NP chemical studies start from taxonomically well-defined biological resources from which the products of the metabolism, primary and specialized, are extracted. Extraction has considerably evolved during the last decades, involving a wide range of physical and chemical processes adapted to the nature of the starting material and to the desired extraction selectivity [8]. Crude NP extracts are generally substances made of highly complex compound mixtures. The reward of the subsequent extract complexity reduction by fractionation and purification is a simplification of the identification task. Alternatively, studying complex mixtures results in challenging identification problems, but reduces the investment in separation techniques.
The hyphenation of liquid chromatography (LC) and mass spectrometry (MS) for extract analysis takes advantage of extremely powerful purification devices (UPLC chromatographers) with extremely sensitive detection devices (mass spectrometry, possibly with MSn capabilities), so that the extract fractionation steps may be as reduced as possible.
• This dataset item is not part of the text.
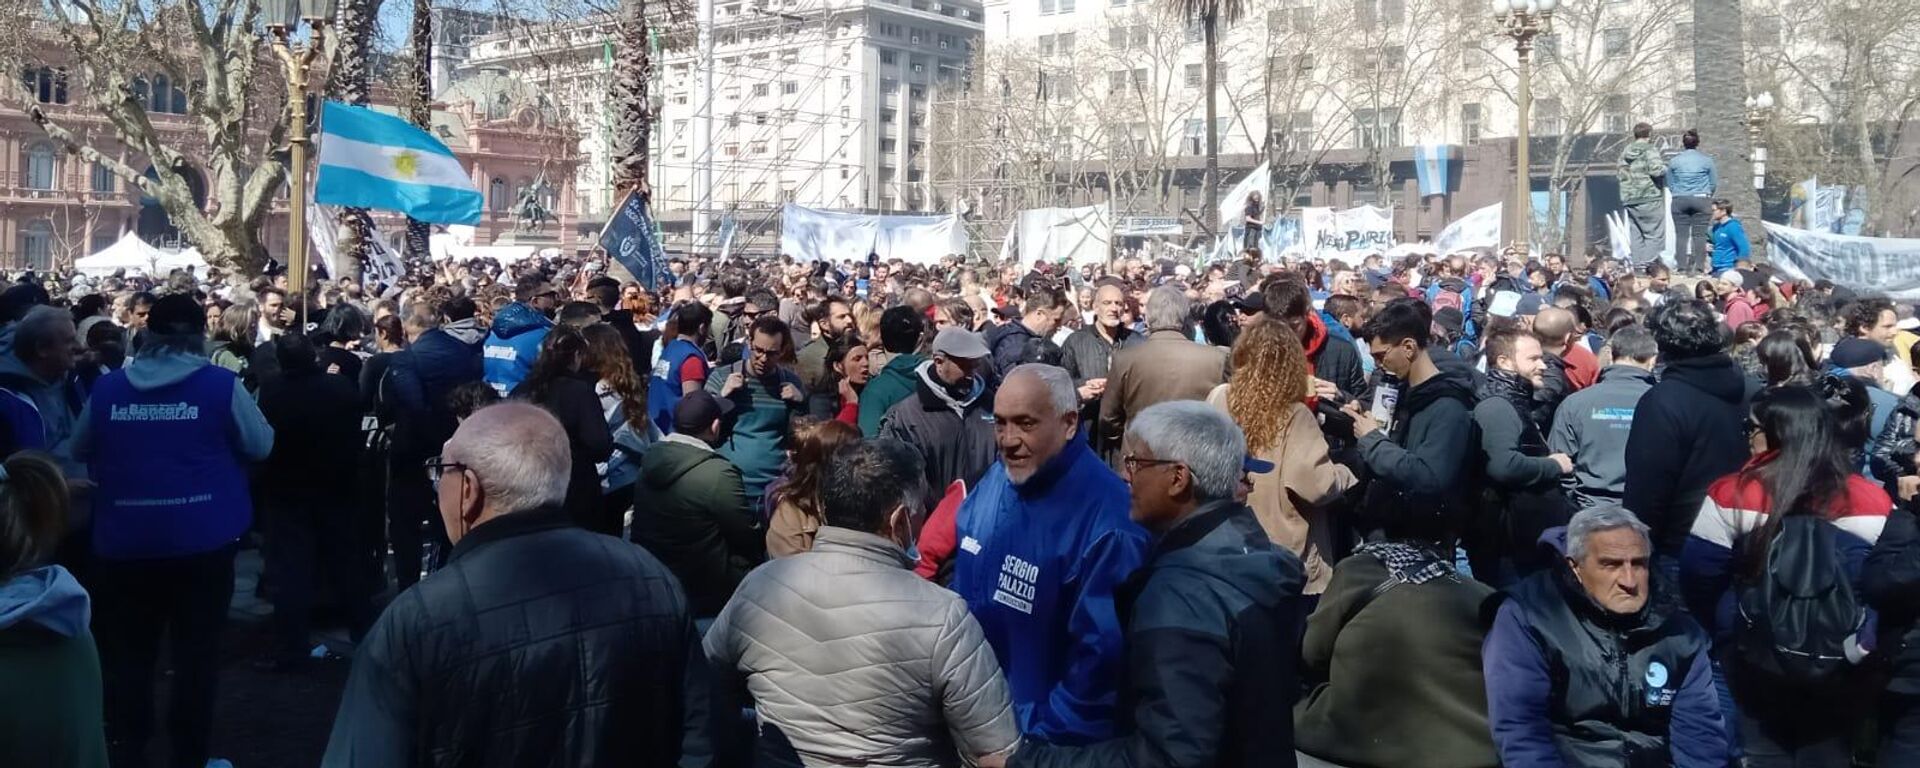 Concentración en la Plaza de Mayo en respaldo a la vicepresidenta Cristina Fernández de Kirchner. - Sputnik Mundo, 1920, 02.09.2022

Compounds are identified from their exact molecular formula, fragmentation pattern, and ionic mobility. Fragmentation pattern analysis has proved to be highly successful and led to initiatives such as Global Natural Products Social molecular networking (GNPS), which results from collaborative efforts among numerous scientists [9]. LC–MS based methods frequently provide annotations rather than identification, meaning that the collected experimental data may fit with isomer collections. Ideally, identification succeeds when an annotation set can be reduced to a single compound.
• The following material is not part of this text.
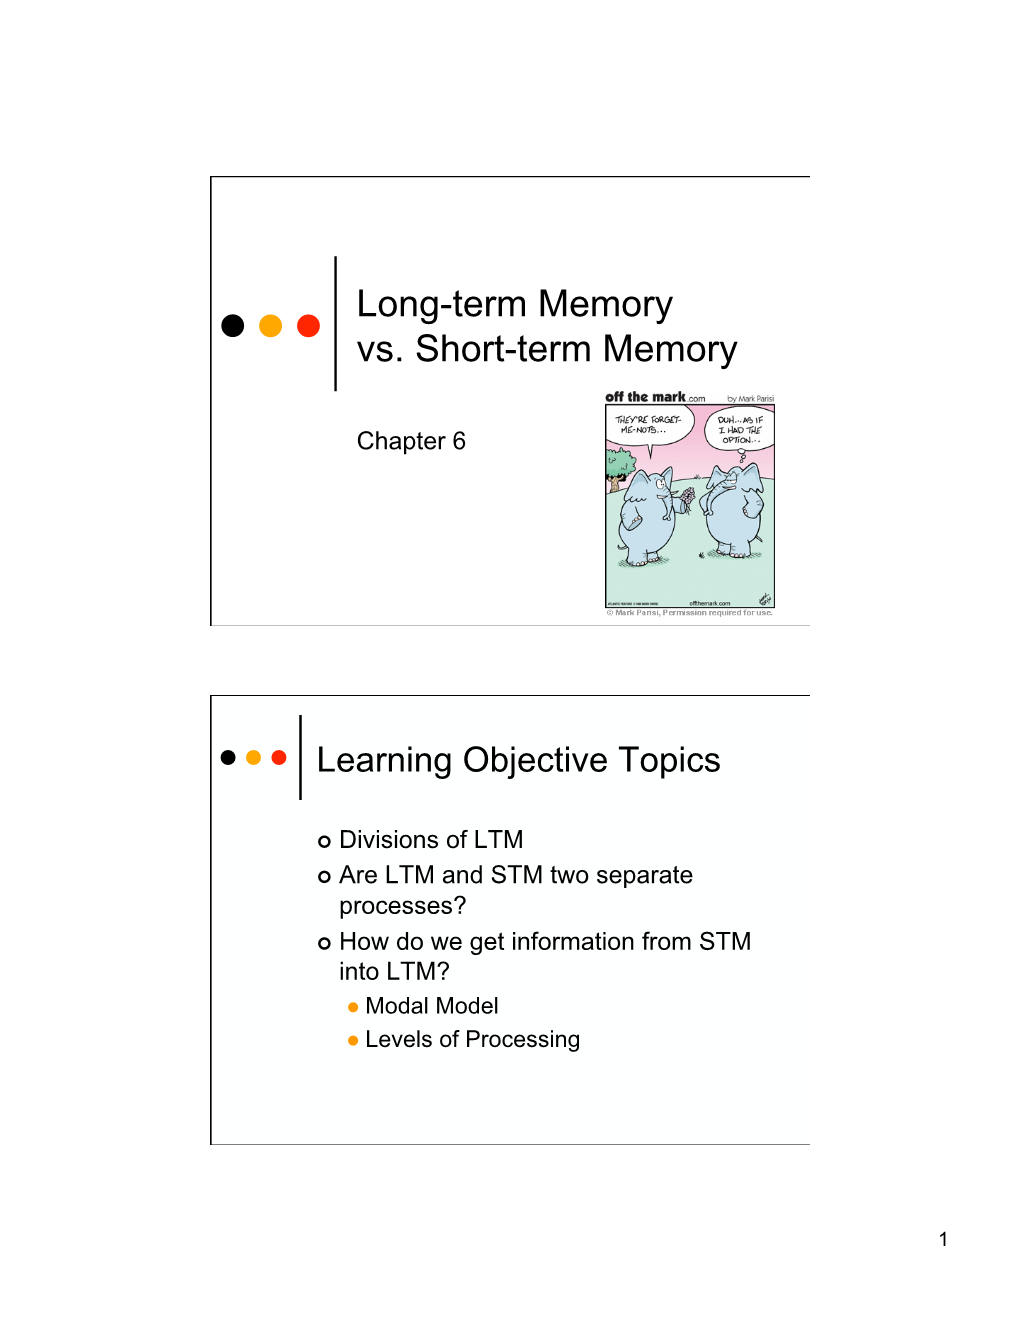 Long-Term Memory Vs. Short-Term Memory

The use of LC hyphenated with nuclear magnetic resonance (NMR) spectroscopy is frequently limited by the amount of purified compound that can be analyzed, NMR being far less sensitive than MS. Methods have recently been made available for mixture analysis by NMR with applications to crude natural extracts or to series of extract fractions [10,11,12,13]. NMR characterizes molecular compounds at the atomic level so that NMR experimental data are less prone than MS data to be compatible with a high number of molecular structures. Ambiguity from NMR arises often from the lack of configuration assignment to chiral structure elements, while planar structures are generally defined to a high level of accuracy [14]. While NMR spectra offer the possibility of distinguishing between diastereomers, even for compounds in mixtures, enantiomer identification requires either the isolation of pure compounds for their study by chiroptical methods or chemical derivatization by a homochiral reagent and subsequent NMR analysis [15,16].
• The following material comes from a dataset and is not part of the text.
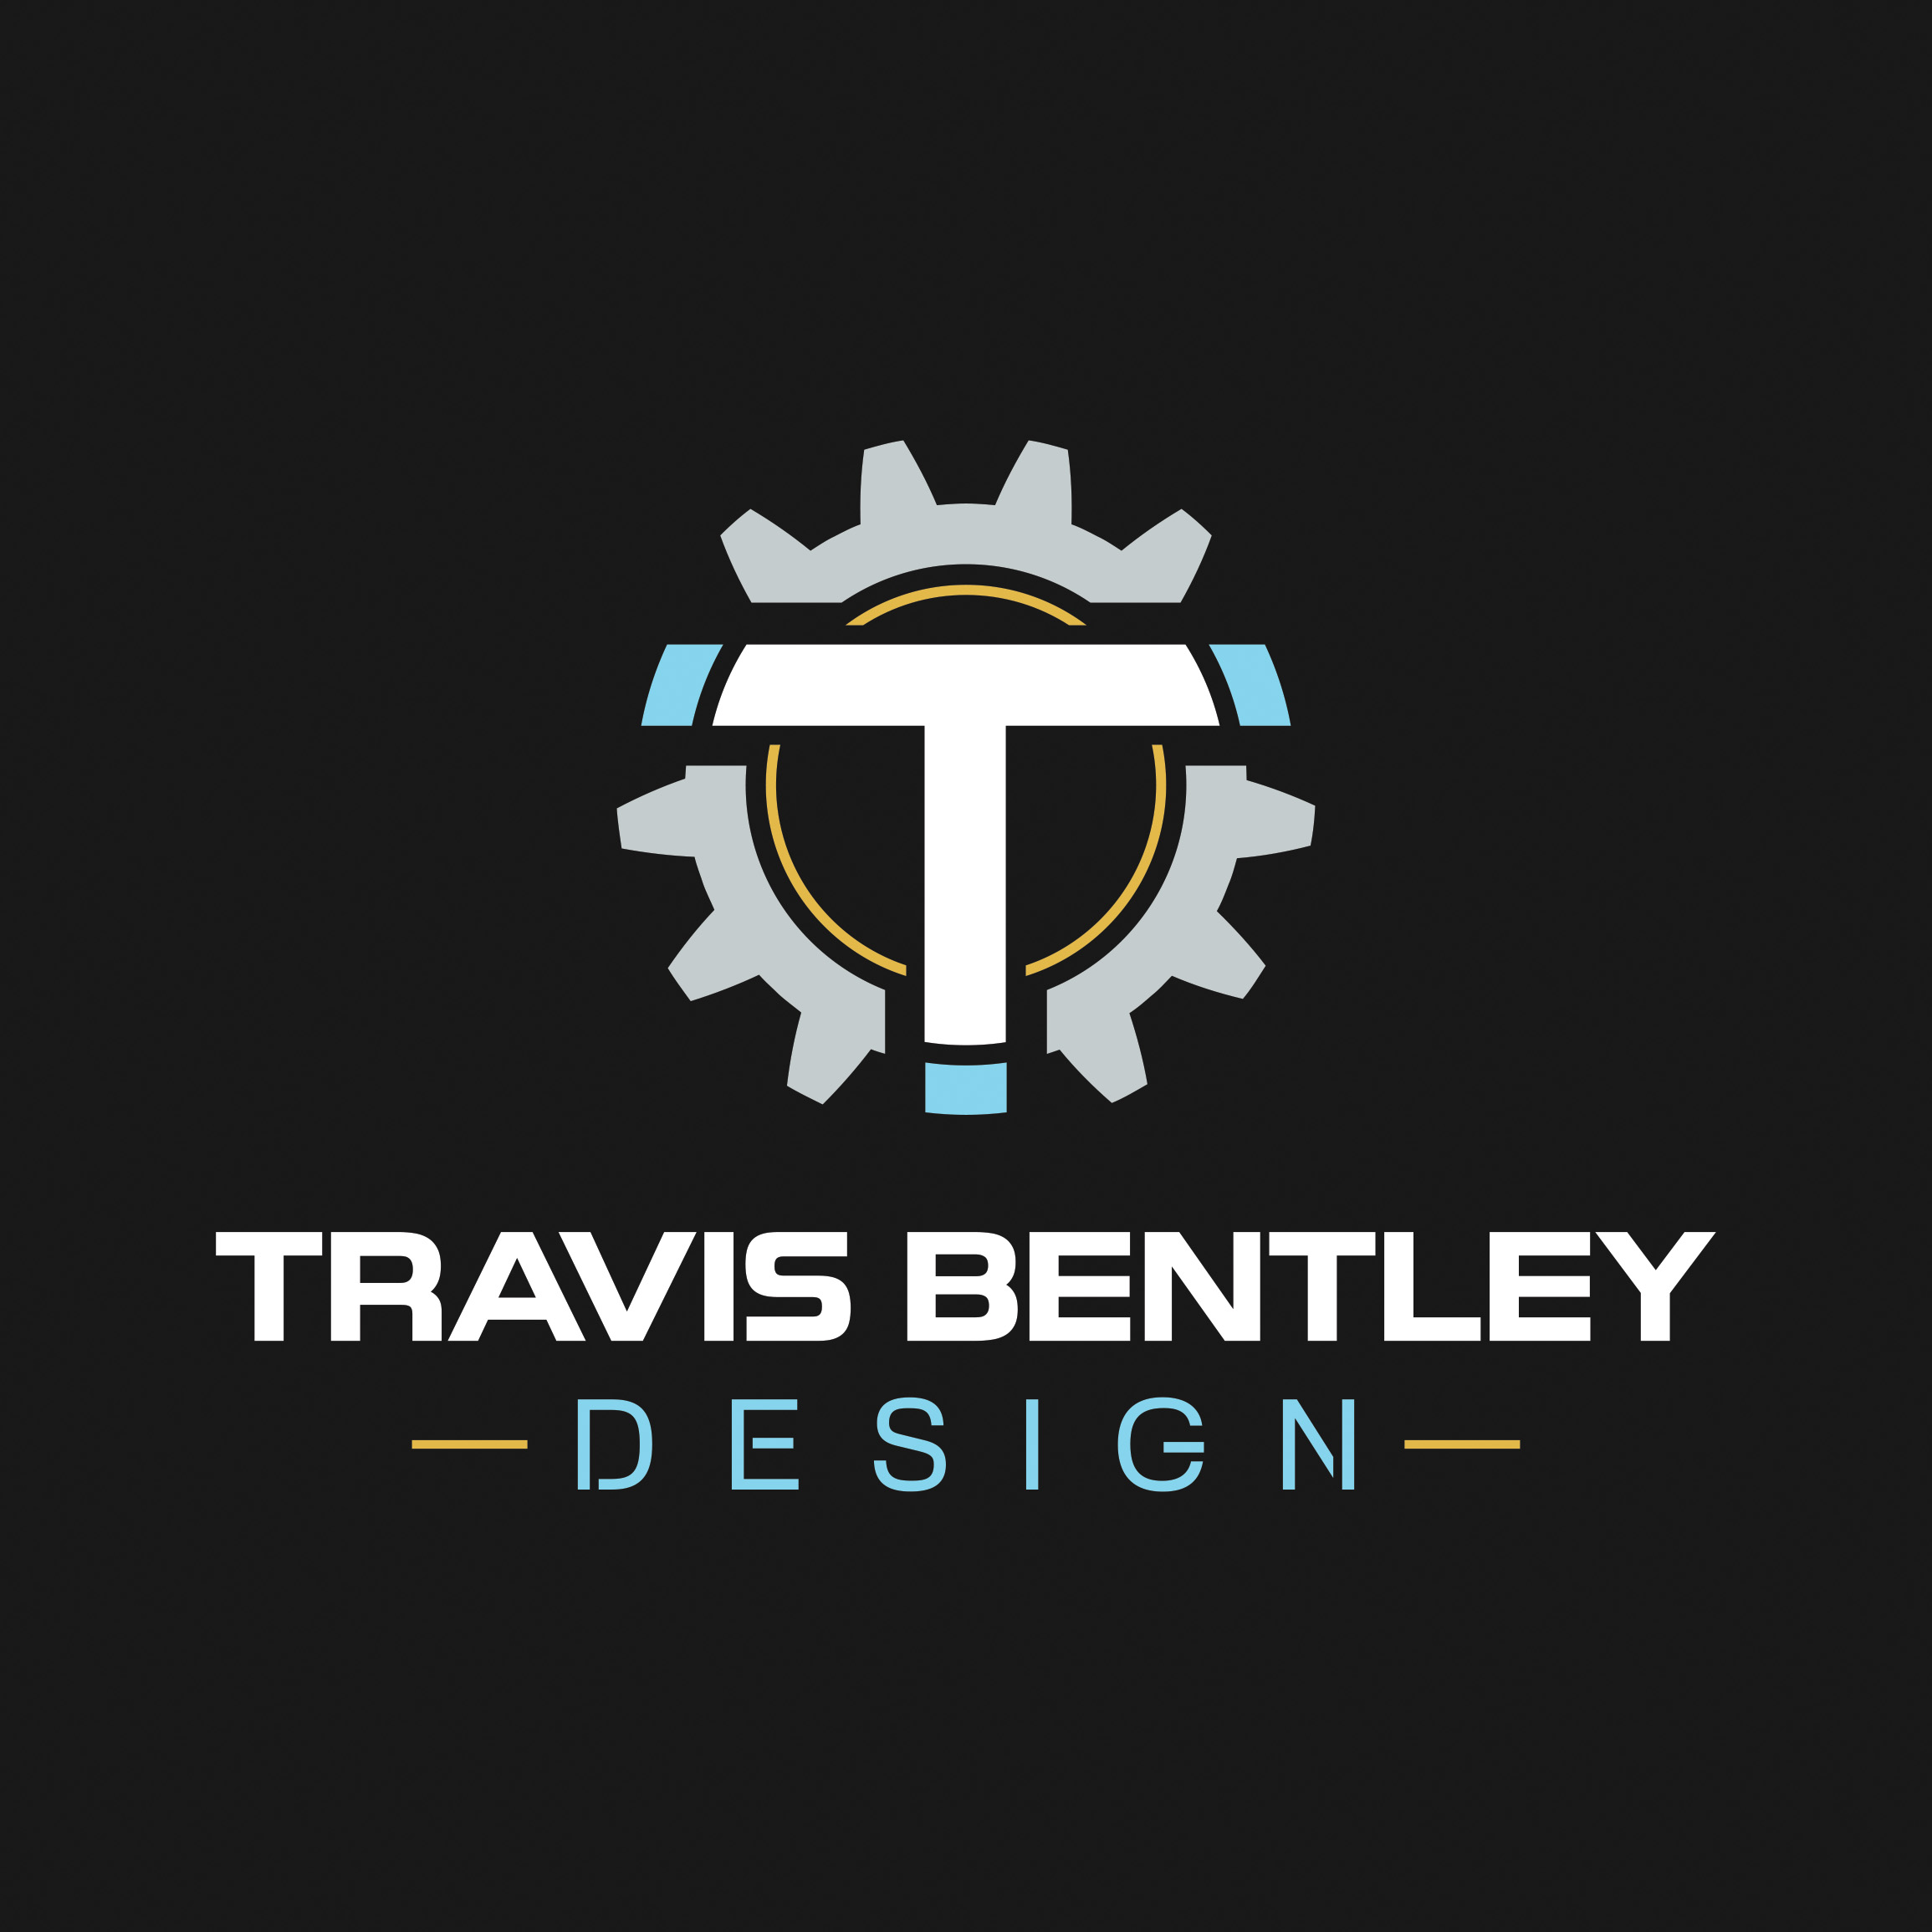 Travis Bentley Design

Dereplication relies on the comparison between freshly collected spectroscopic data with those from previous studies and stored in a DB. The extraction of experimental MS and NMR data from publications is a tedious process that may result in copy errors and in the exact copy of erroneous structure or data assignments [17]. However, the accumulated knowledge gained of the relationships between molecular structures and measurement outcomes has made it possible to design spectroscopic prediction tools that may replace, to some extent, experimental spectral data by predicted ones [10,18].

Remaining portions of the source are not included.